Experts link Cuba to arms found in Chile
New York Times News Service
SANTIAGO,Chile--U.S. weapons experts have accused Cuba of providing the arms found hidden in several caches in Chile recently. The experts say the amount of weapons was too large for Chilean guerrillas to have acquired on their own.
In a summary of a study made available to reporters by Reagan administration officials recently, the experts said the weapons appeared to be part of "sophisticated plans for a protracted conflict, rather than for a series of quick, hit-and-run operations designed to harass" Chilean government forces.
The unidentified experts who prepared the study said about 70 tons of munitions, including more than 3,300 American-made M-16 rifles and more than two million rounds of ammunition, was the largest clandestine leftist arsenal ever found in this hemisphere.
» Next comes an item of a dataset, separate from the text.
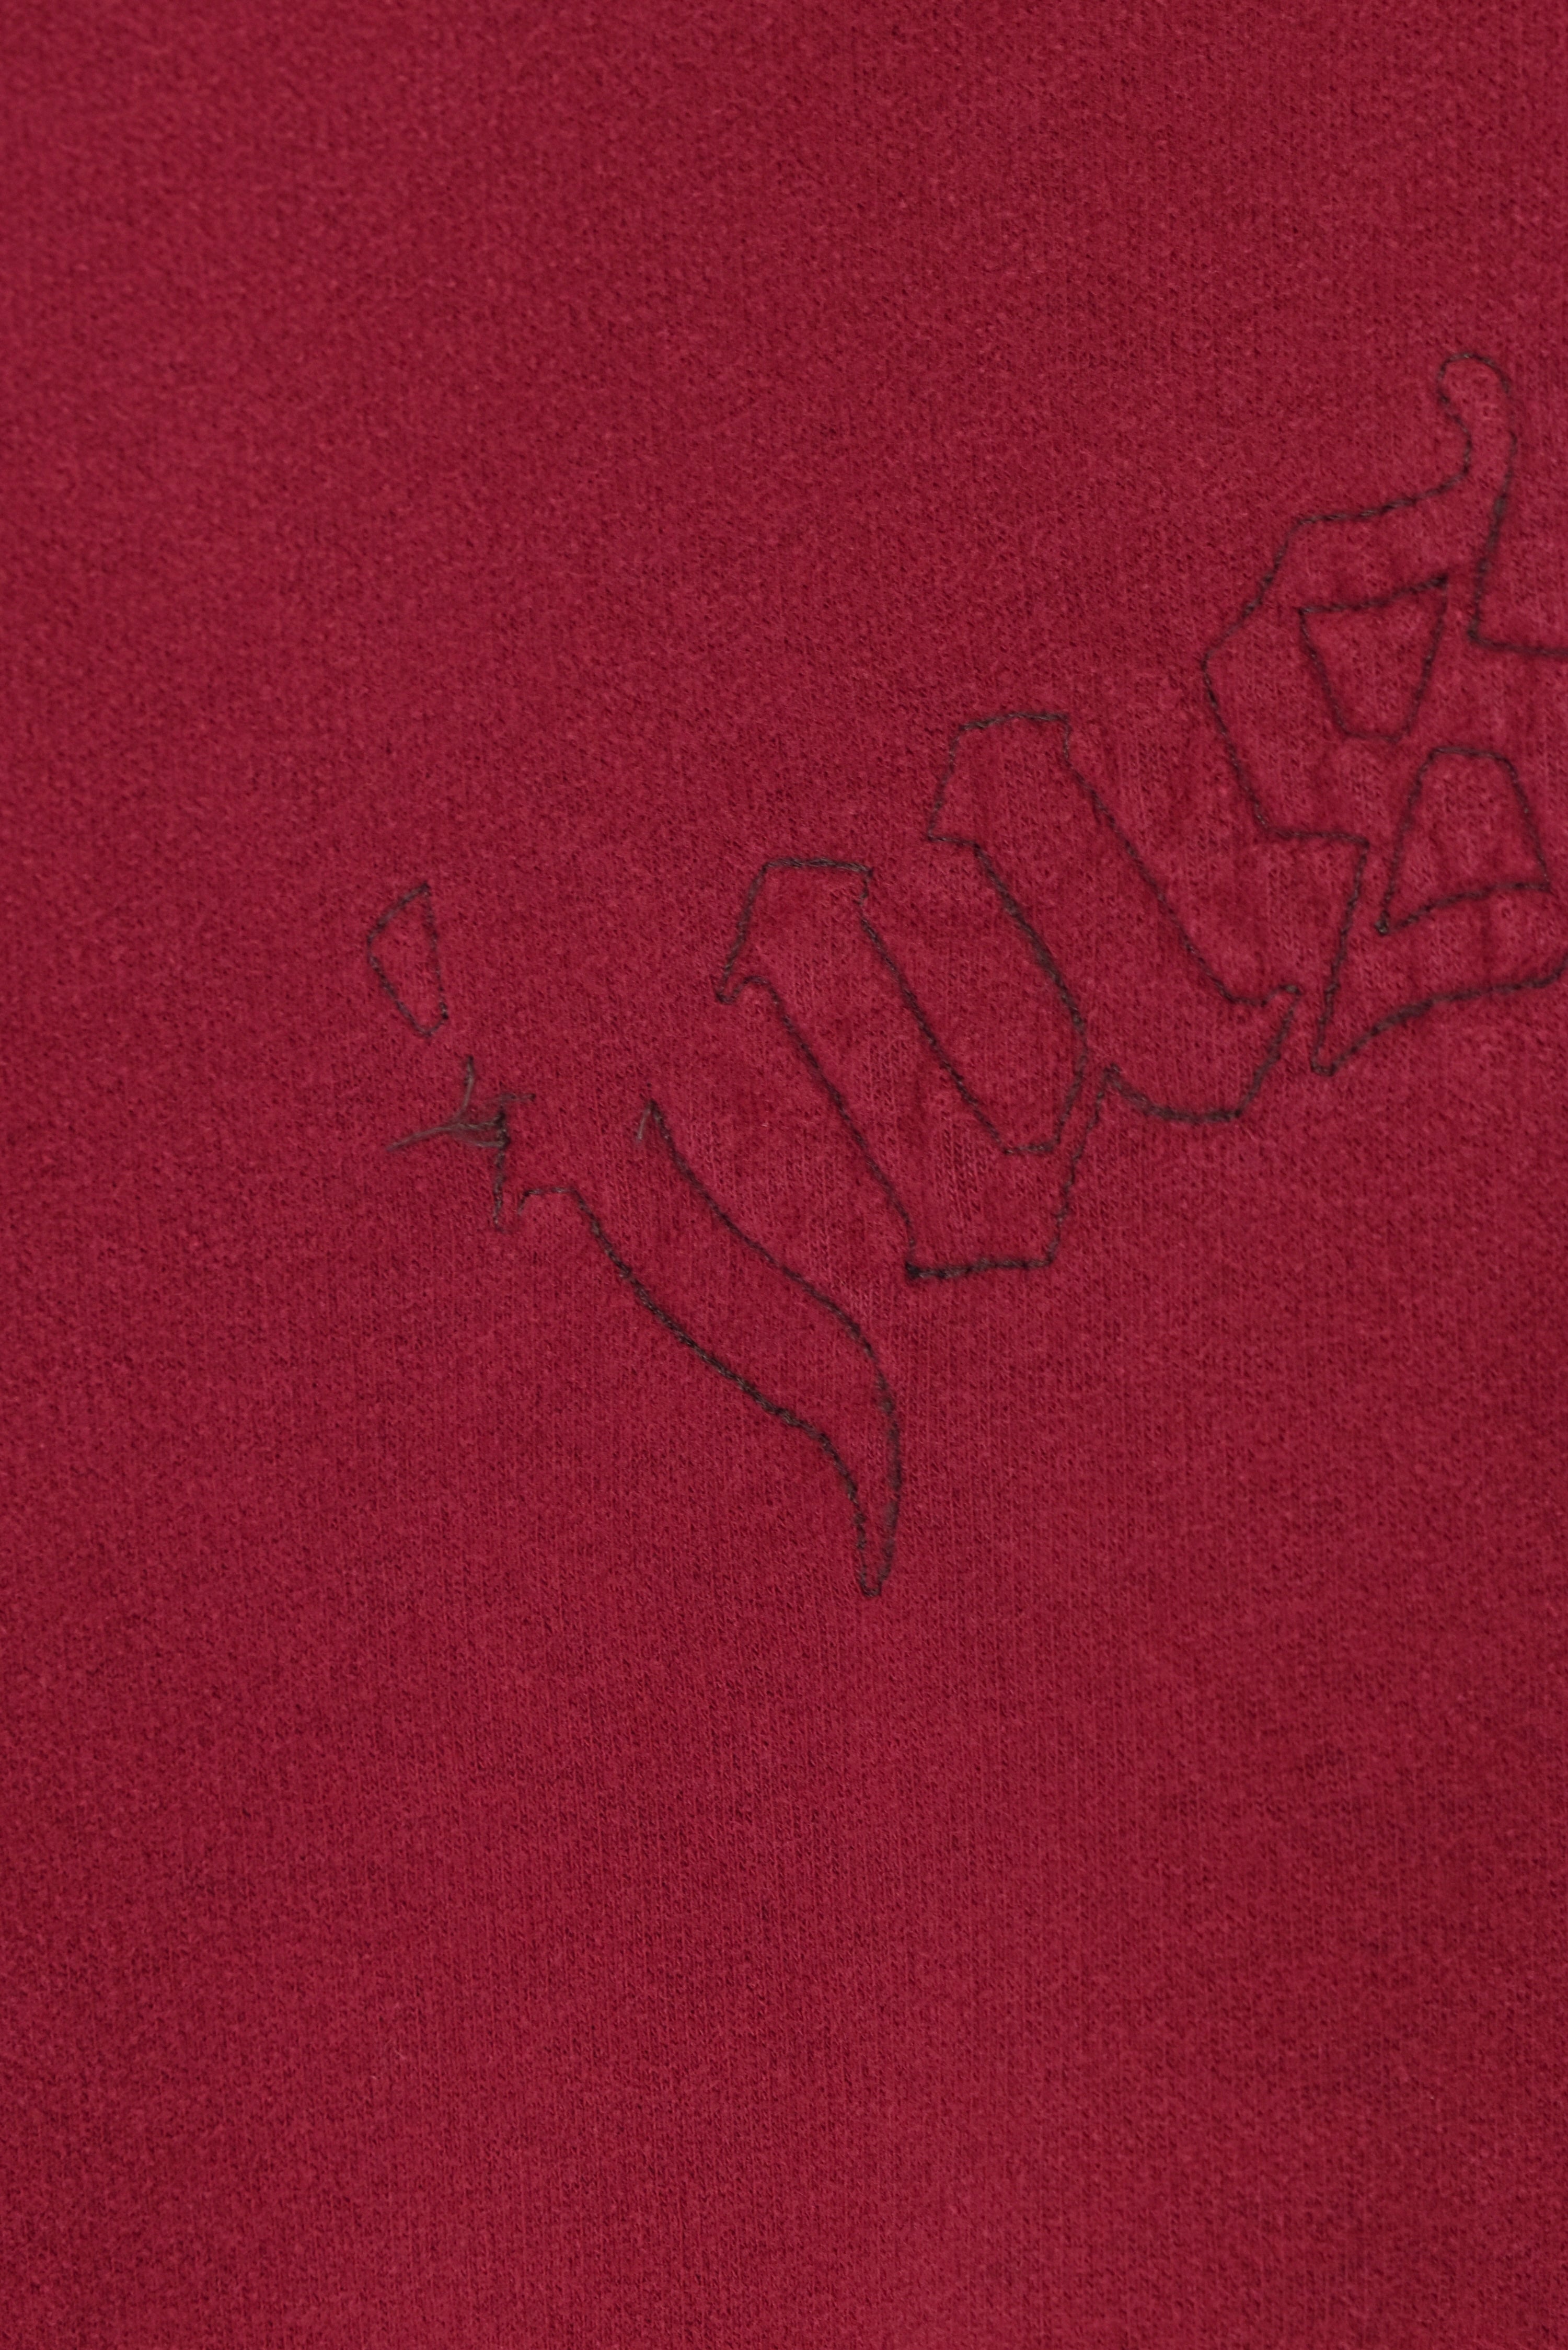 Vintage Nike hoodie (XL), red embroidered sweatshirt

The arms, much of which are now stacked in a vast storeroom at the century-old War Arsenals complex in Santiago, were found buried at 10 sites from early August through early September. Most of the places were around the southern edge of the Atacama Desert, about 400 miles north of Santiago.
Robert S. Gelbard, deputy assistant secretary of state for South America, said in a telephone interview that the United States considered the discovery of the arms a sign of a "major threat to the hemisphere." He said American officials intended to raise the issue with the Soviet government.
"We feel very strongly about this," he said. "We know it is Cuba who did it, and we assume the Soviet Union is behind it."
Gelbard said the United States intended to prevent Chile from becoming "the site of an East-West confrontation."